Exercise directions: Each line below should be retyped exactly, with no pictures.

(Input data)

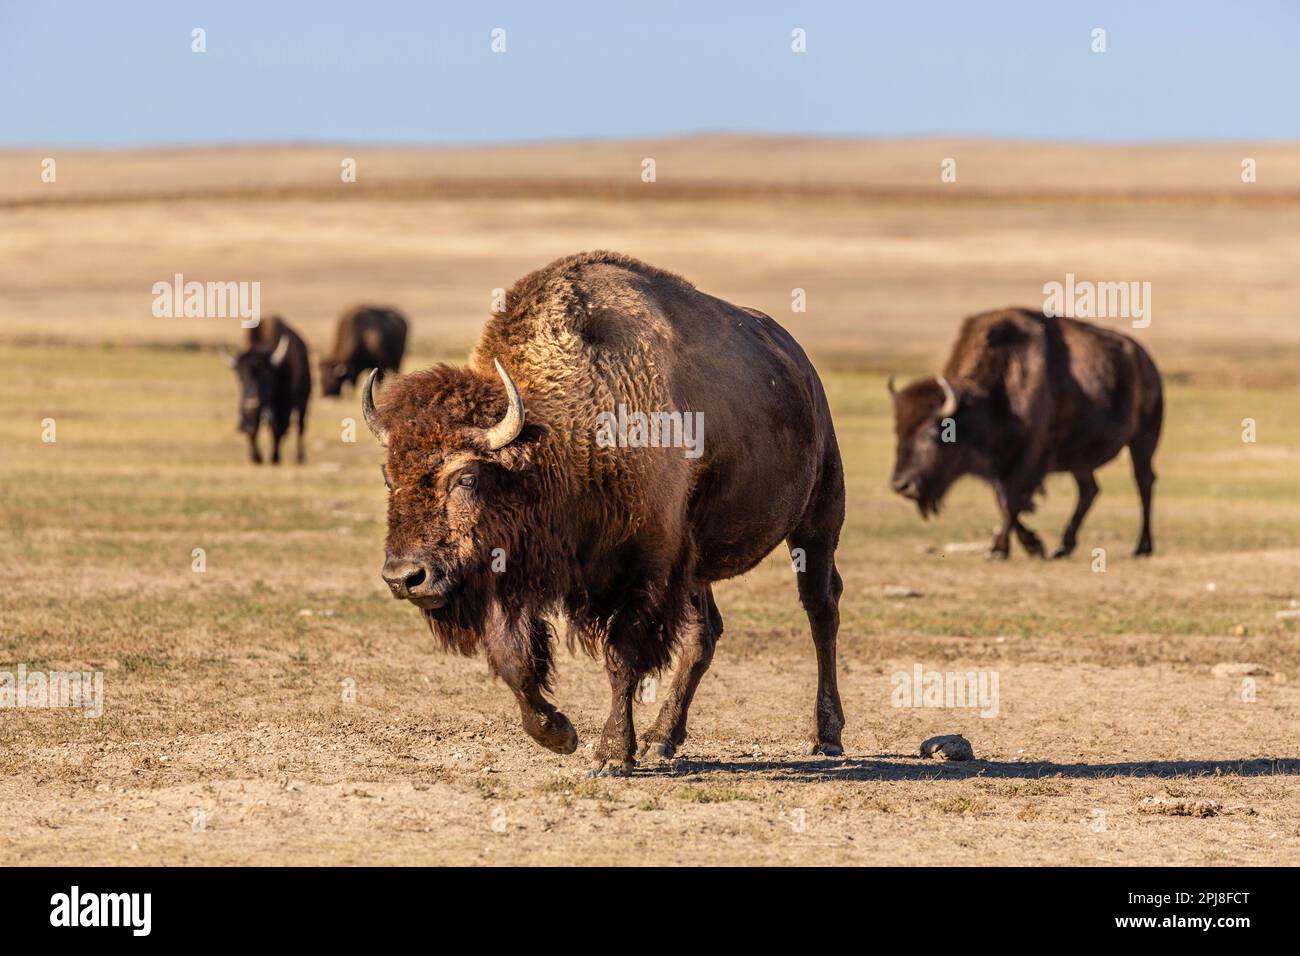 Buffalo / Bison of Badlands National Park, South Dakota, United States of America Stock Photo
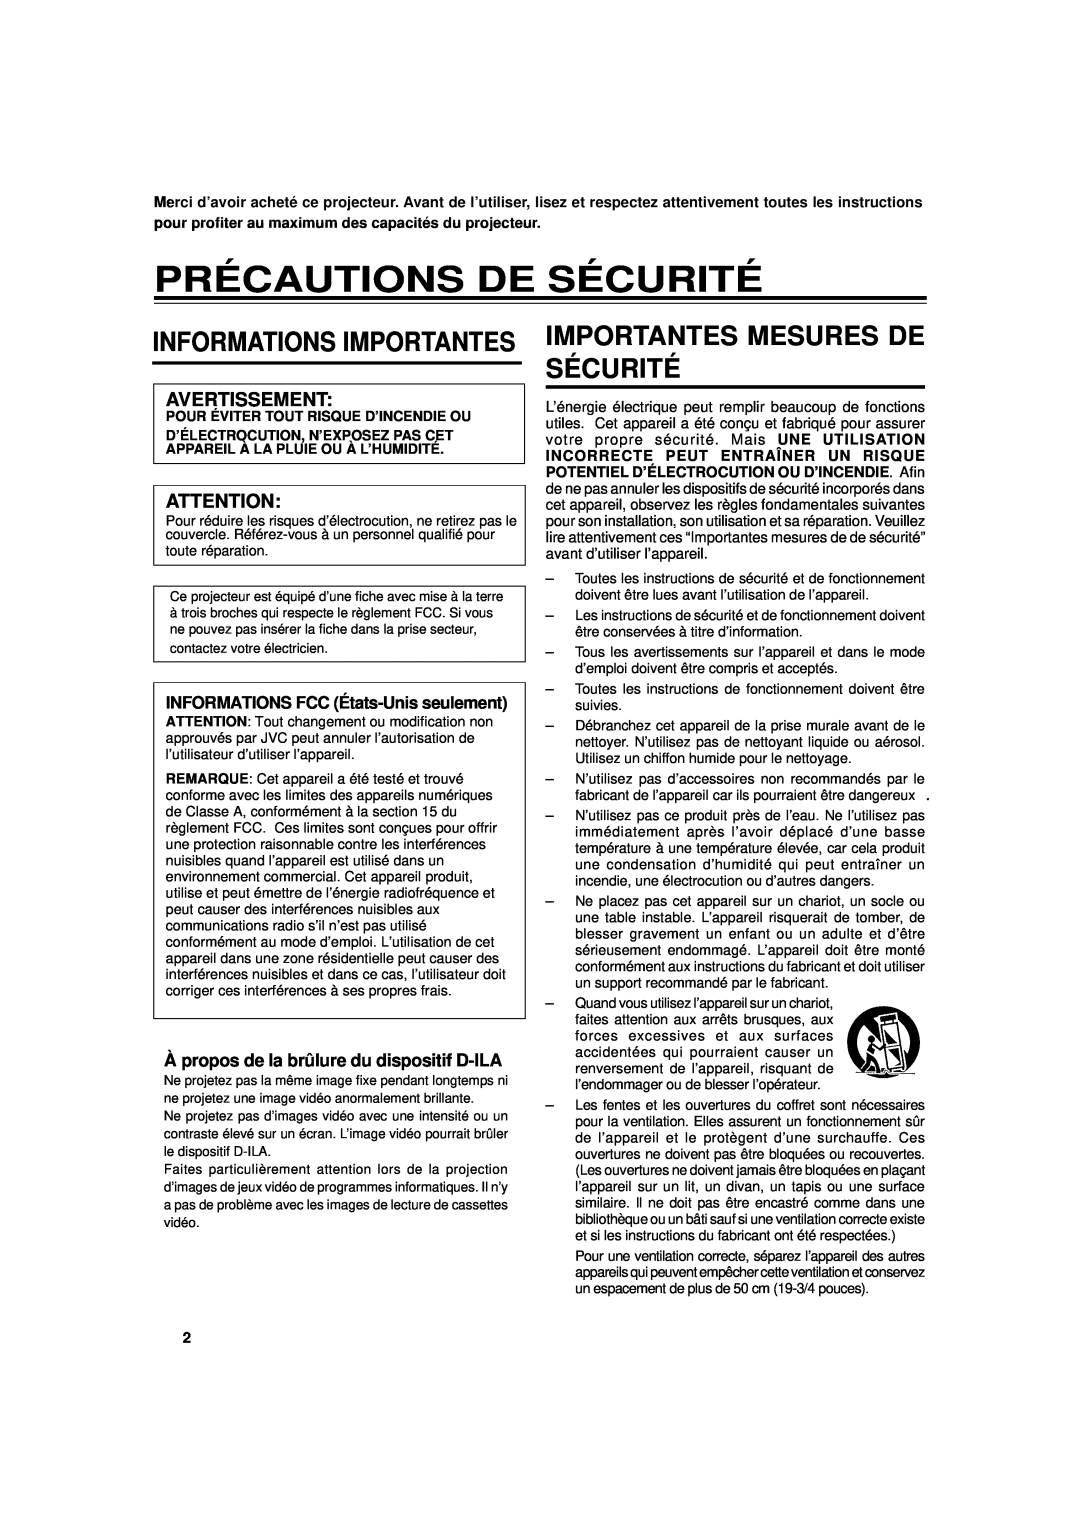 JVC DLA-G11U manual Précautions De Sécurité, Importantes Mesures De Sécurité, Informations Importantes 
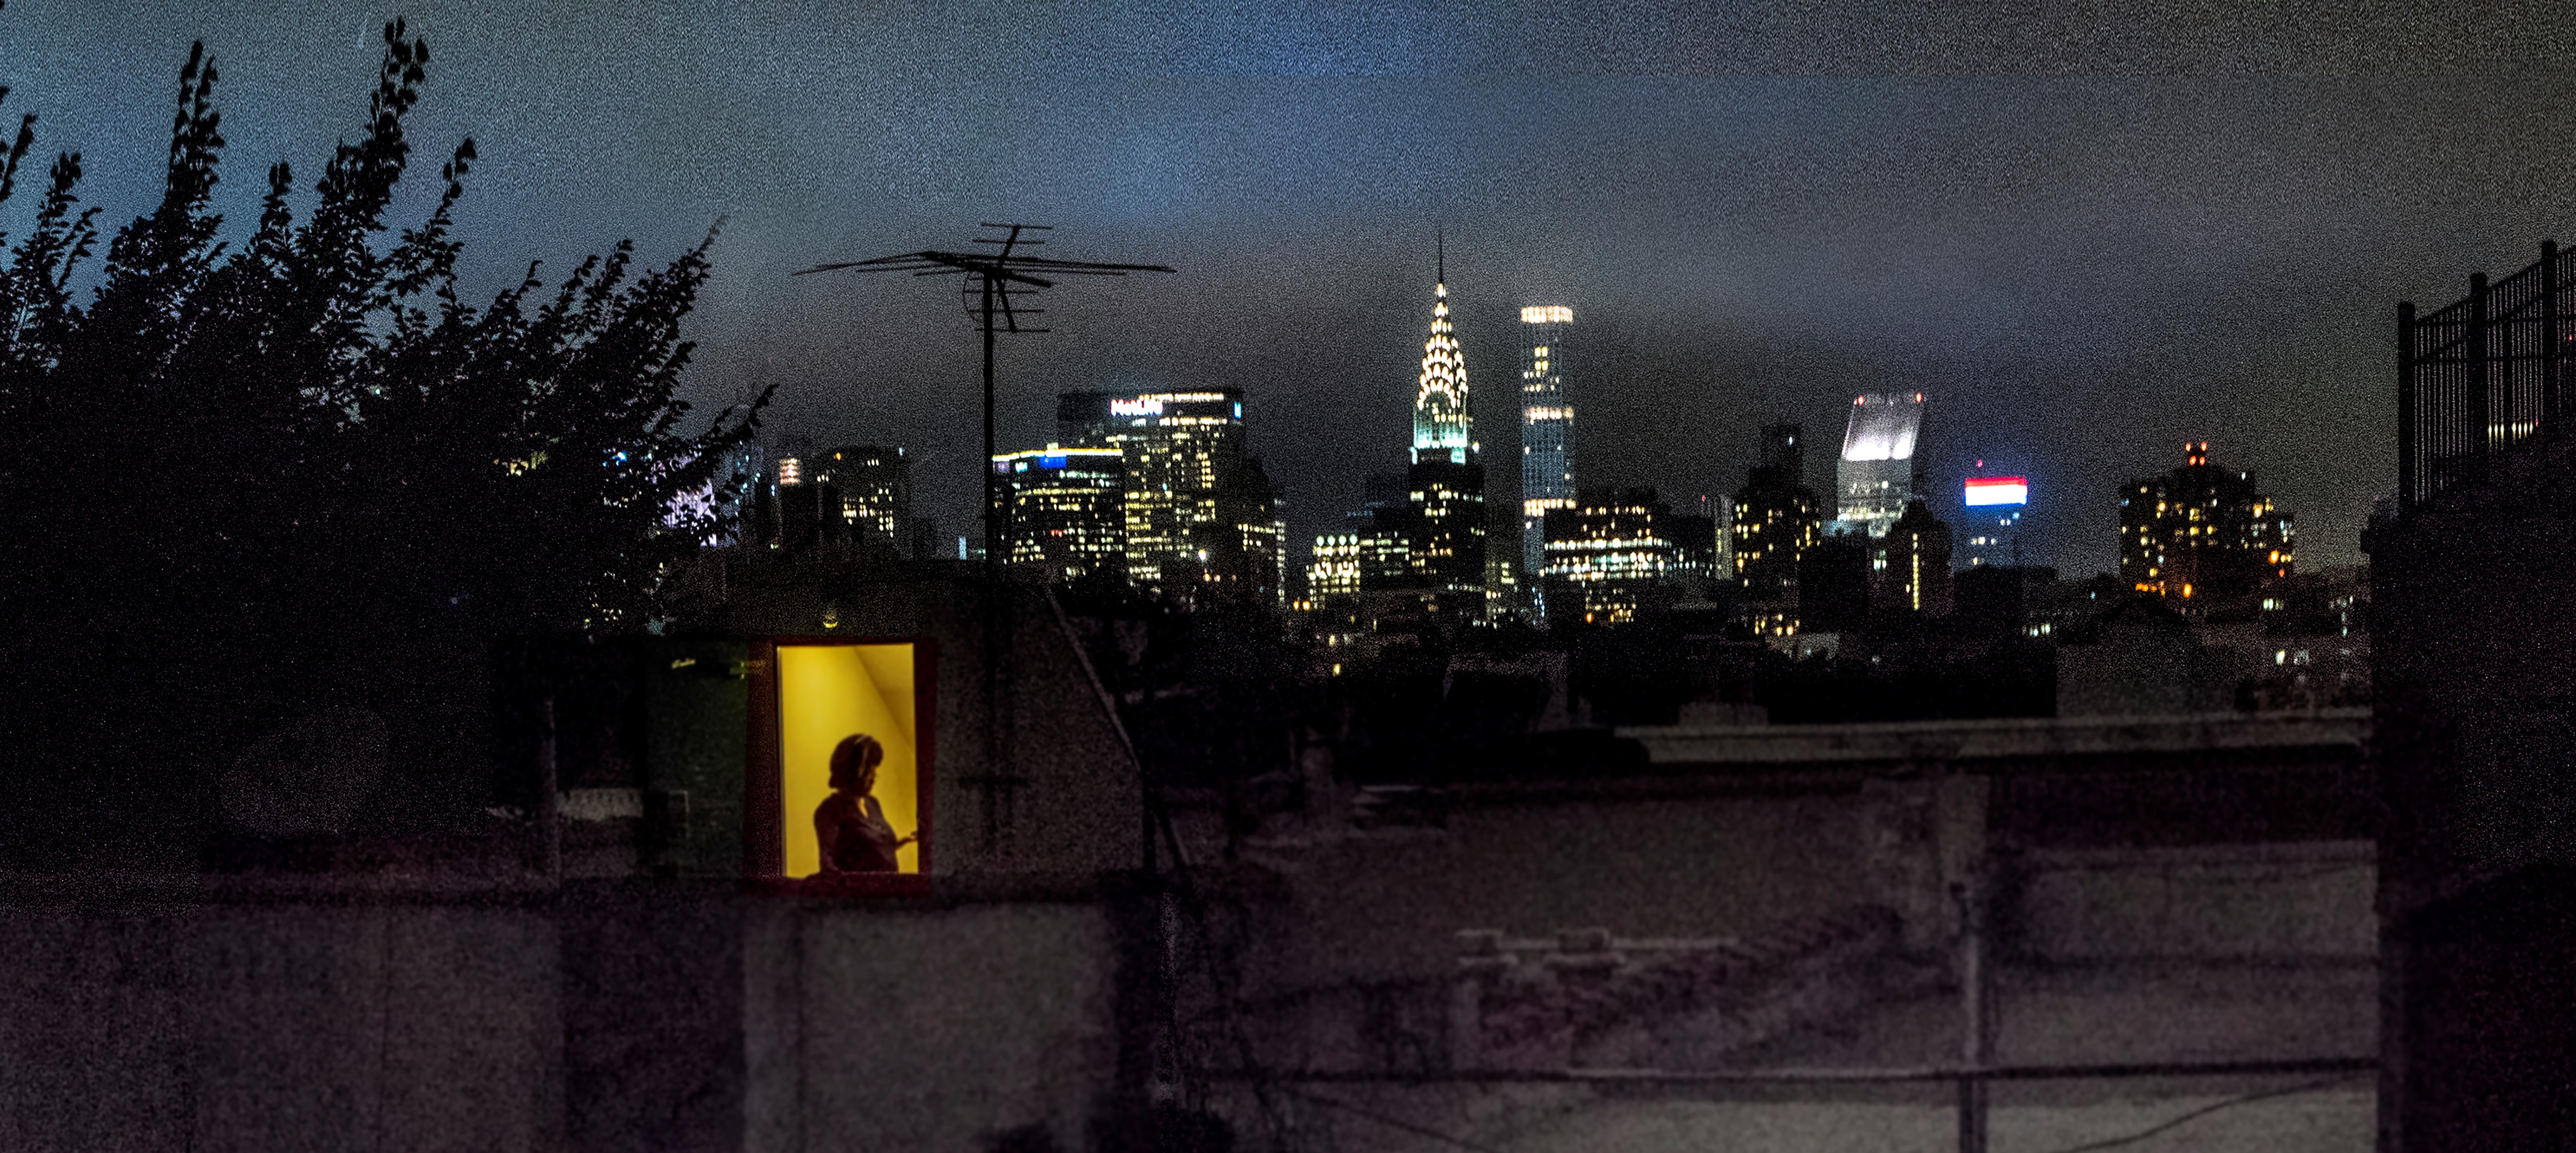 Vue arrière de l'appartement de Sally Davies sur East 5th Street la nuit avec des fenêtres lumineuses.

(End Input data)

Problem solution:
 Buffalo / Bison of Badlands National Park, South Dakota, United States of America Stock Photo
 JVC DLA-G11U manual Précautions De Sécurité, Importantes Mesures De Sécurité, Informations Importantes 
 Vue arrière de l'appartement de Sally Davies sur East 5th Street la nuit avec des fenêtres lumineuses.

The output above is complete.